In the finite-state machine part of the model, machines are described by lists of mutually exclusive states and transitions. States may be declared alone, but if they are included as the start or next state of a transition they do not need to be declared separately. The model below shows two machines declared as sets of states (three each) and two declared as sets of transitions, with their states implied:

%%

f1t.
f1p;
f1n;

f2t.
f2p;
f2n;

p1w; f1t; f1p;     p1l;
p1w; f2t; f2n;     p1r;
p1l; f2t; f2n;     p1e;
p1r; f1t; f1p;     p1e;
p1e; -;   f1t,f2t; p1w.

p2w; f2t; f2p;     p2l;
p2w; f1t; f1n;     p2r;
p2l; f1t; f1n;     p2e;
p2r; f2t; f2p;     p2e;
p2e; -;   f2t,f1t; p2w.

In this model the C-code section is empty. Also, certain local states are followed by a period instead of a semicolon. This is to indicate that they are legal end states. When Lurch searches for a deadlock (as in this model, which represents the dining philosophers problem for two philosophers sharing two forks), Lurch must know, for each machine, which of its local states are legal end states. If Lurch reaches the end of a path and one or more machines is not in a legal end state, a deadlock is reported. This model also shows how transition columns 2 and 3, the input and output columns, may refer not just to the C-code section but also to other finite-state machines. A transition which includes, as an input condition, a state from some other machine, can only be executed if that machine is in that state. And if a transition with a state from another machine in its output column is executed, it sets that machine to that state as a side effect. For example, the transition p2w; f2t; f2p; p2l; can proceed if its machine is in state p2w and the second machine is in state f2t (philosopher two is waiting and fork two is on the table). If it does proceed it sets the second machine to state f2p and sets its own machine to state p2l (fork two is in the hand of the previous philosopher, i.e., philosopher two, and philosopher two has a fork in his left hand).

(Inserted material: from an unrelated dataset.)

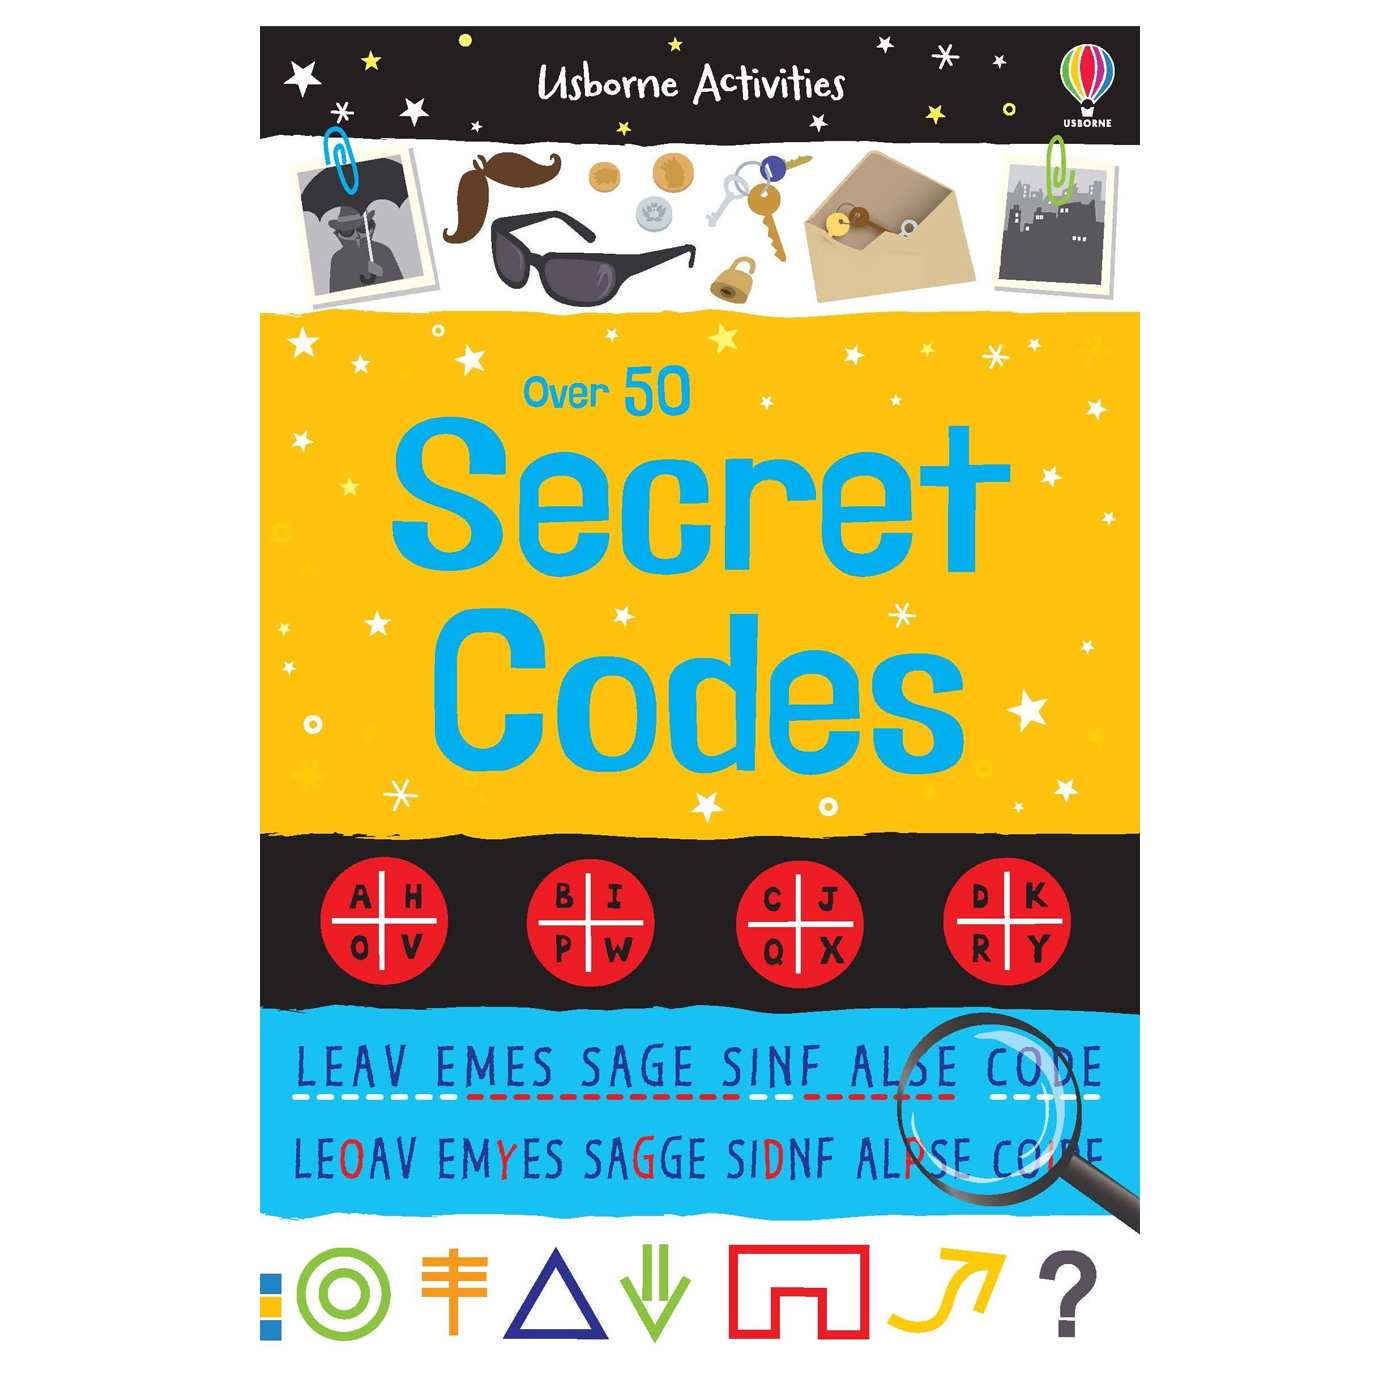  Over 50 Secret Codes

In addition to using periods vs. semicolons to mark legal end states, there are a few other special marks recognized by Lurch in finite-state machine definitions:

_fault	Local states beginning with an underscore are considered faults. For example, a transition representing an assertion violation would lead to a fault state; if Lurch found a path to the violation this transition would be executed, and when the fault state was reached it would be reported.
#progress	The SPIN model checker is capable of finding "no-progress" cycles present in a system. These are global state cycles in which no local state marked as representing progress is reached. Lurch can also find these cycles, and when doing so assumes that any local state beginning with a pound sign represents progress (note: in older version of Lurch, progress states were marked with a plus sign, but this caused problems for the parser in the current protype GUI version).
=accept	The SPIN model checker uses Büchi automata to represent negated temporal logic properties in "never" clauses. By definition, a Büchi automata accepts an input that causes it to continue in a cycle that includes an accept state (as opposed to a normal finite-state machine, which accepts an input that causes it to stop in its accept state). In order to find acceptance cycles, Lurch needs to know which states in a machine representing a Büchi automaton are accept states; their names must begin with an equals sign.